Война, которая покончила с миром. Кто и почему развязал Первую мировую - Маргарет Макмиллан
Шрифт:
Интервал:
Закладка:
Именно могучий восточный сосед был причиной большинства кошмаров руководителей Германии. Отражая идеи социал-дарвинизма того времени, многие немцы видели в славянах, и особенно в России, естественных конкурентов тевтонской расы. Вильгельм был далеко не одинок, страшась славянских орд, несущихся на запад. Его слова часто звучали как речи правых политиков в Соединенном Королевстве в наши дни, обеспокоенных проблемой восточных европейцев, штурмующих британские порты, или консервативных американских республиканцев, испытывающих такую же озабоченность в отношении мексиканцев. «Я ненавижу славян, – сказал он военному атташе из Австро-Венгрии с поразительной бестактностью, учитывая большое количество славян, проживавших в Дуалистической монархии. – Я знаю, это грех, но я ничего не могу с собой поделать». Сербия, как он любил выражаться, была «свиной монархией». Его высокопоставленные военачальники, такие как Вальдерзее и Мольтке, пророчески говорили о надвигающейся на Германию необходимости воевать за само свое существование как народа и культуры. Они также считали такие доводы удобными, когда подталкивали правительство весной и в начале лета 1914 г. к большому увеличению ассигнований на армию[1613].
Бросая взгляд назад, любопытно отметить, насколько мало внимания руководство Германии уделяло альтернативам войне как способу разорвать окружение. Да, Бетман надеялся на восстановление дружественных отношений с Великобританией, но после провала миссии Холдейна двумя годами ранее оно все более казалось маловероятным. Кайзер время от времени выражал надежду на то, что давний союз между двумя консервативными монархиями Германии и России может быть возрожден, но сомнительно, чтобы он на самом деле верил в такую возможность. В 1914 г. известный банкир Макс Варбург записал свой разговор с ним: «Вооружение России, большое строительство в ней железных дорог были, по его мнению, подготовкой к войне, которая могла разразиться в 1916 г.
…Охваченный тревогой кайзер даже подумывал, не лучше ли напасть первым, вместо того чтобы ждать нападения»[1614]. И кайзер подобно другим руководителям Германии полагал, что конфликт с Россией неизбежен, и серьезно рассматривал возможность превентивной войны. В министерстве иностранных дел было много тех, включая Ягова и его заместителя Циммермана, которые с этим соглашались и доказывали, что дипломатическая и военная ситуация в 1914 г. особенно благоприятна для Германии[1615]. Им следовало бы вспомнить знаменитые слова Бисмарка: «Превентивная война подобна совершению самоубийства из страха перед смертью».
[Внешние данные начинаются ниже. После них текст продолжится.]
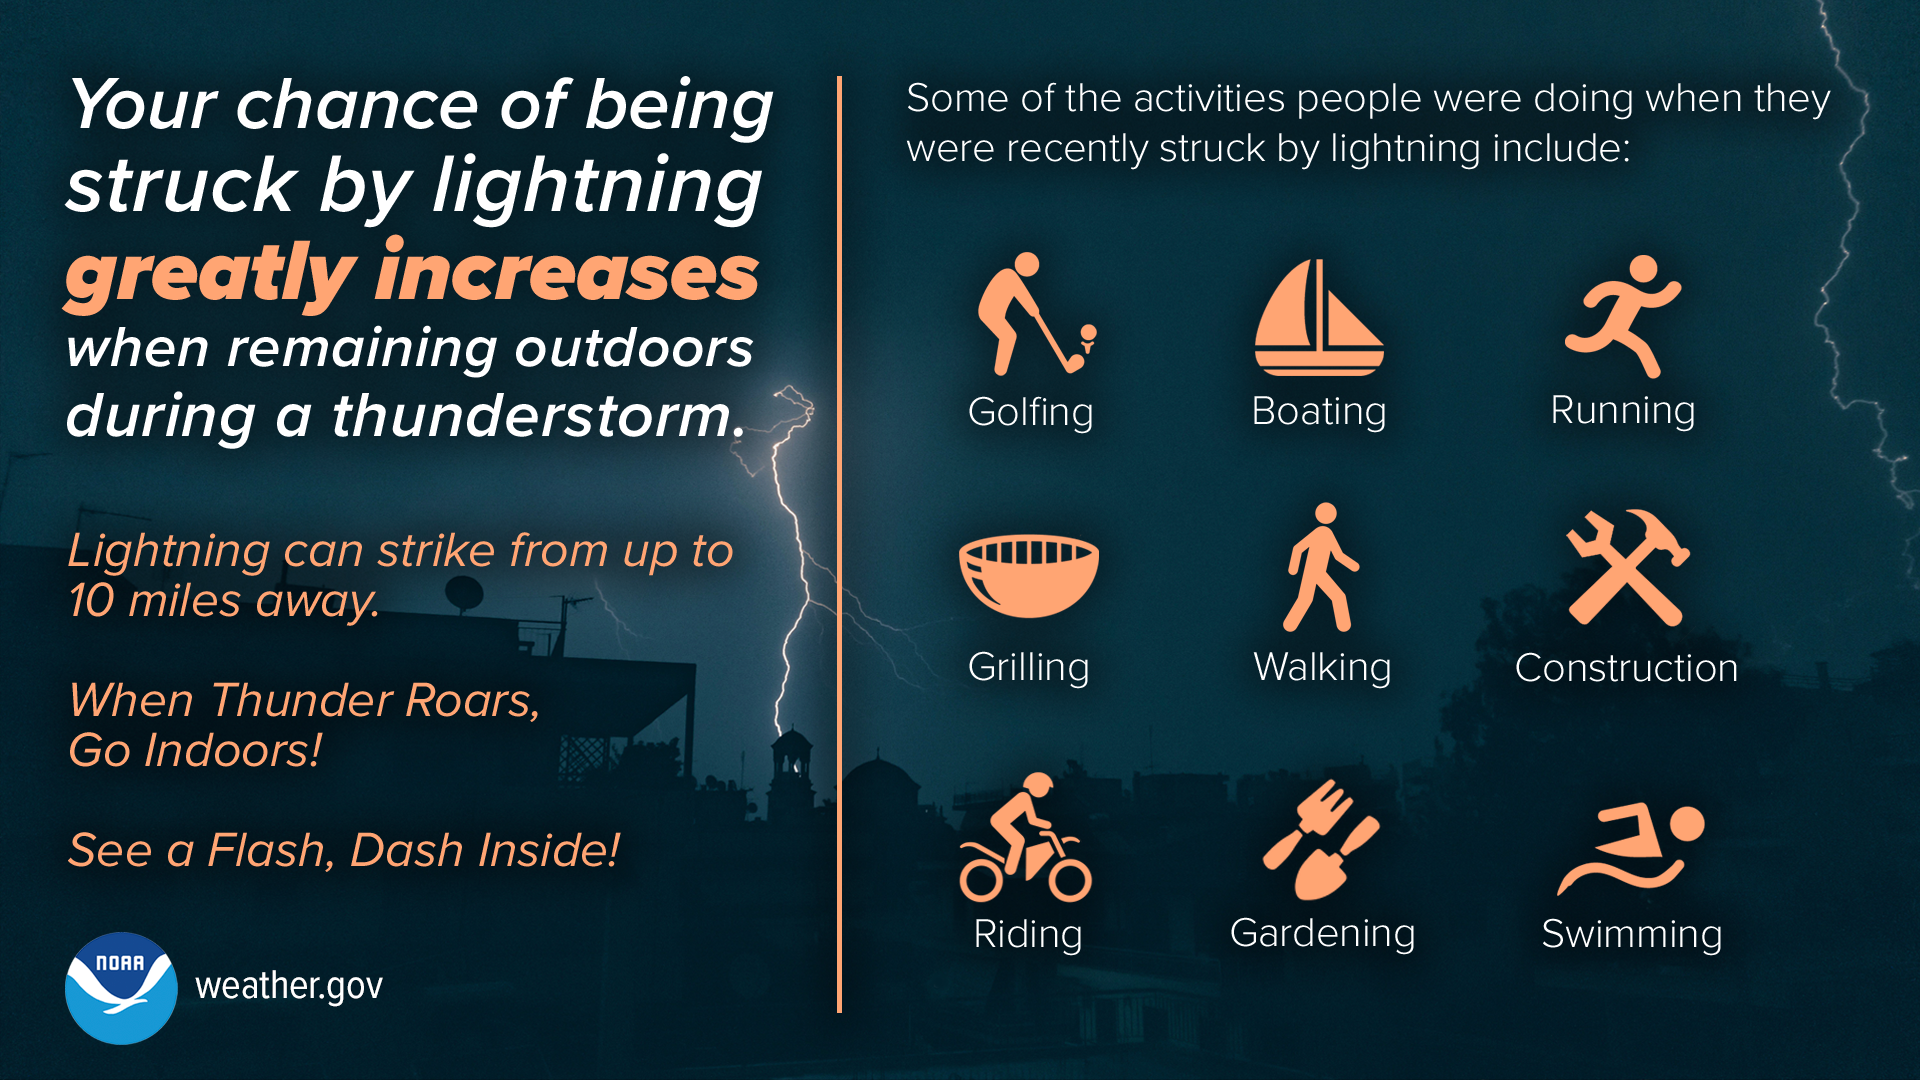 Your chance of being struck by lightning greatly increases when remaining outdoors during a thunderstorm. Lightning can strike from up to 10 miles away. Some of the activities people were doing when they were recently struck by lightning include golfing, boating, running, grilling, walking, construction, riding, gardening, and swimming. When thunder roars, go indoors! See a flash, dash inside!

Высшее военное руководство, если уж на то пошло, было даже больше психологически готово к войне, чем гражданское. Строительство Кильского канала было почти завершено, и к 25 июля немецкие дредноуты могли уже безопасно курсировать по нему в обоих направлениях между Северным и Балтийским морями. Да, армия еще не достигла увеличения своей численности, но новая программа России только началась. На поминальной службе по Францу-Фердинанду 3 июля военный представитель Саксонии завел разговор с Вальдерзее. Этот генерал, как он сообщил своему правительству, считал, что война может начаться в любой момент. Генеральный штаб Германии был готов: «У меня сложилось впечатление, что они сочли бы войну весьма кстати, если бы она началась прямо сейчас. Условия и перспективы для нас не станут лучше»[1616]. Что придавало военному руководству Германии уверенности? То, что его стратегия была полностью перенесена на карты. «Вооруженные планом Шлифена, – написал позже Гренер из Генерального штаба, – мы верили, что можем спокойно ожидать неизбежного военного конфликта с нашим соседом…»[1617]
За несколько недель до событий в Сараеве Мольтке сказал Ягову, что для Германии было бы разумным бросить вызов России, пока у Германии еще есть шанс победить. Начальник штаба Ягов предложил вести внешнюю политику «с целью спровоцировать войну в ближайшем будущем». Приблизительно в это же время Мольтке сказал одному немецкому дипломату из посольства Германии в Лондоне: «Если ситуация наконец выйдет из-под контроля – мы готовы; чем скорее, тем лучше»[1618]. И для него лучше бы уж скорее. В 1912 г., во время 1-й Балканской войны, он сказал своей племяннице: «Если надвигается война, то надеюсь, что она начнется раньше, чем я буду слишком стар, чтобы справиться с ней удовлетворительно»[1619]. К 1914 г. его здоровье пошатнулось. Ему пришлось провести четыре недели на курорте Карлсбад в апреле – мае, лечась от бронхита, а еще раз он туда попал на продолжительное время 28 июня[1620]. И он не был столь уверен в успехе Германии, сколь звучали его слова. Он прекрасно сознавал опасности продолжительной войны. Когда Конрад фон Гетцендорф в мае 1914 г. задал ему вопрос о том, что тот намерен делать, если Германии не удастся одержать быструю победу над французами, Мольтке ответил уклончиво: «Ну, я буду делать, что смогу. Мы не превосходим французов численно». И пока Бетман продолжал надеяться, что англичане предпочтут нейтралитет, Мольтке также считал само собой разумеющимся, что Великобритания вступит в войну на стороне Франции. И все же он и его коллеги излучали для гражданских лиц уверенность в том, что Германия может разгромить Францию, Россию и Великобританию в короткой войне[1621].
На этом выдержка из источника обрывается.